Can you give an example of graph traversal in everyday apps?

Yes. When your map app finds a route from your home to a restaurant, it is running a shortest-path traversal on a road graph. When a social network tells you that you share “15 mutual friends” with someone, it has traversed a friendship graph to count overlapping neighbors.

Are DFS and BFS still relevant in 2024–2025, or are they outdated?

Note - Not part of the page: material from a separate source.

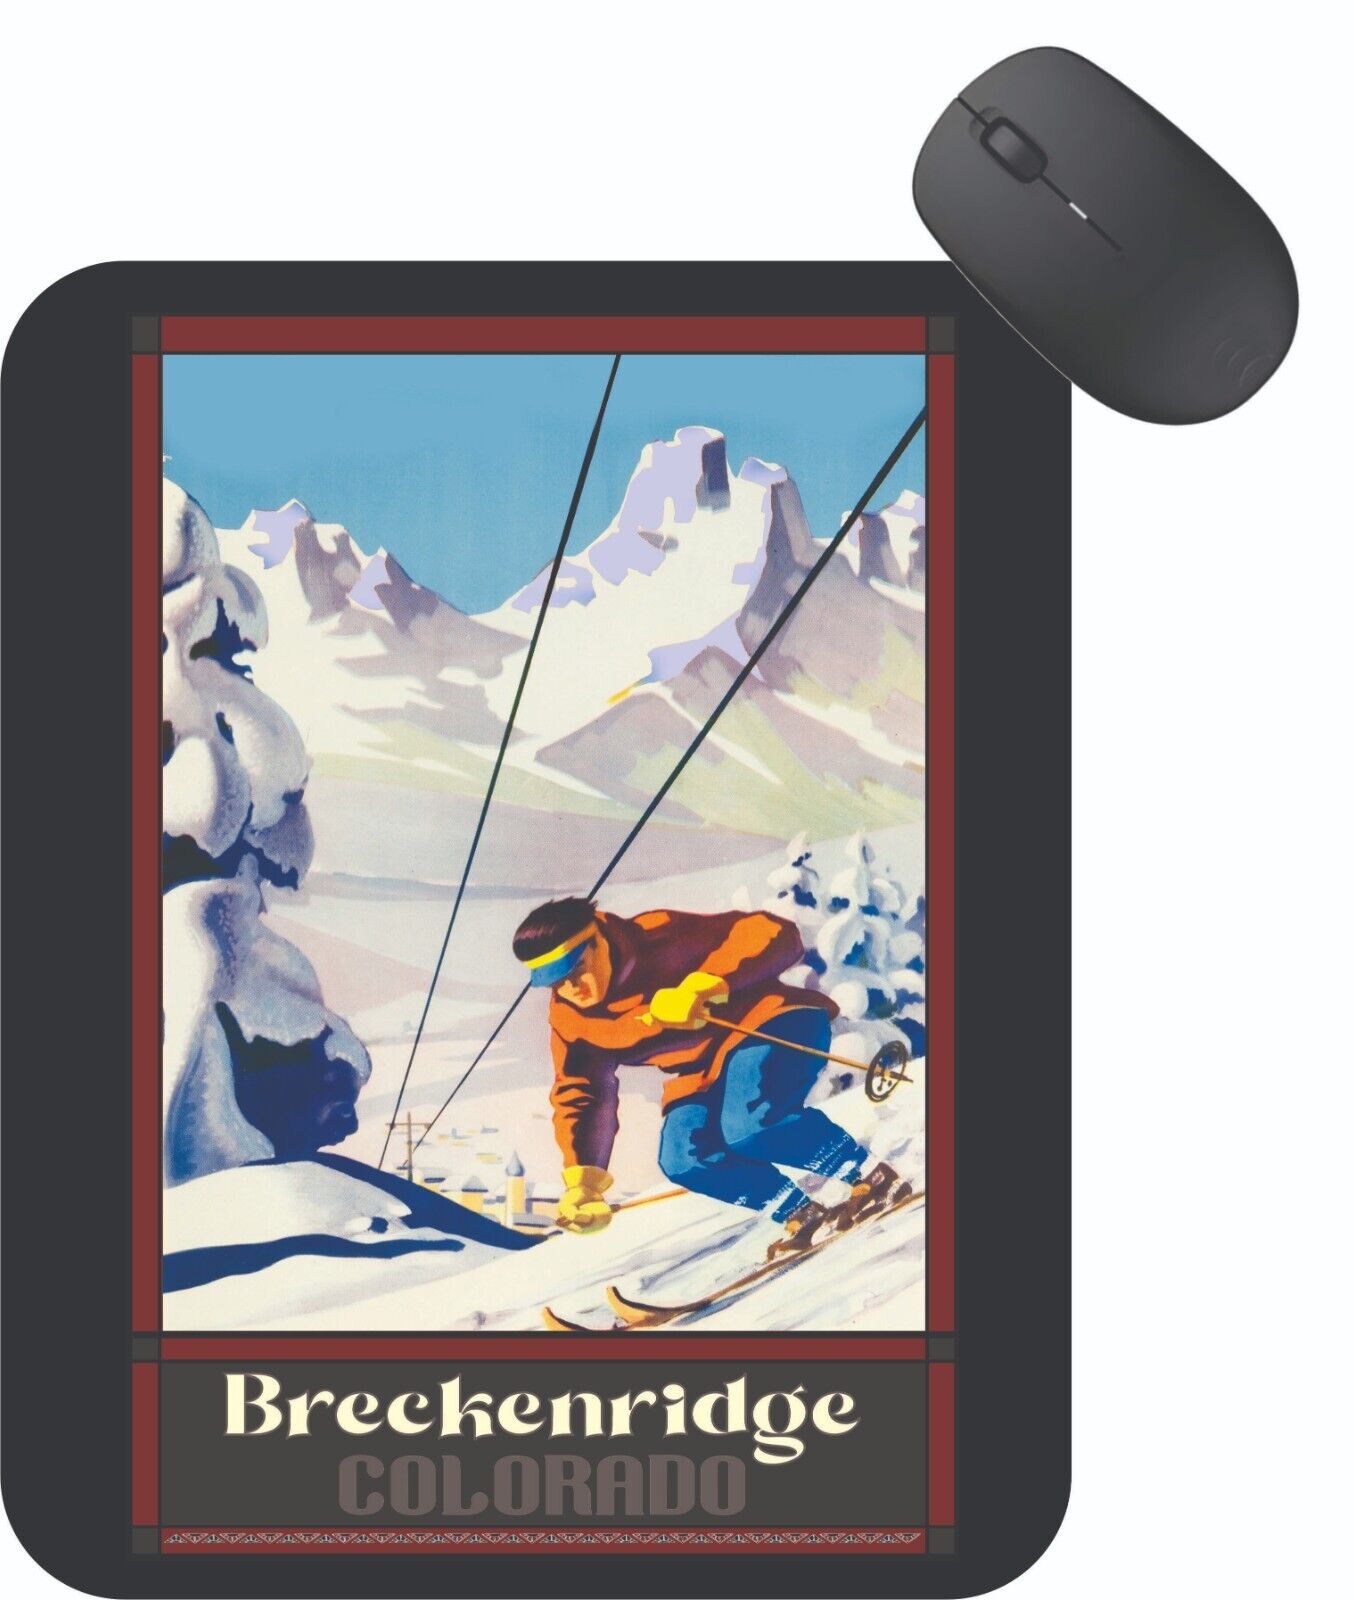 Ski Breckenridge Colorado Mouse Pad Skiing Travel Poster Art & Downhill Slopes

They are very much alive. Even though large systems use highly optimized and distributed implementations, the core ideas of DFS and BFS are still taught in leading universities and used in production systems. They form the backbone of more advanced methods, so understanding them pays off.

How do I decide between Dijkstra’s algorithm and A* in practice?

Use Dijkstra when you need guaranteed shortest paths and don’t have a good heuristic, or when you’re computing distances from one node to many others. Use A* when you know both the start and goal and can compute a reasonable lower-bound estimate of the remaining distance (for example, straight-line distance on a map). A* often explores far fewer nodes, which matters for real-time applications.

Where can I learn more about graph algorithms from authoritative sources?

You can explore open course materials and references from trusted institutions. For example, MIT OpenCourseWare offers free algorithm courses, and many universities host lecture notes on graph algorithms. For broader data and research, the U.S. government’s data.gov portal links to datasets where graph analysis is applied in transportation, health, and science.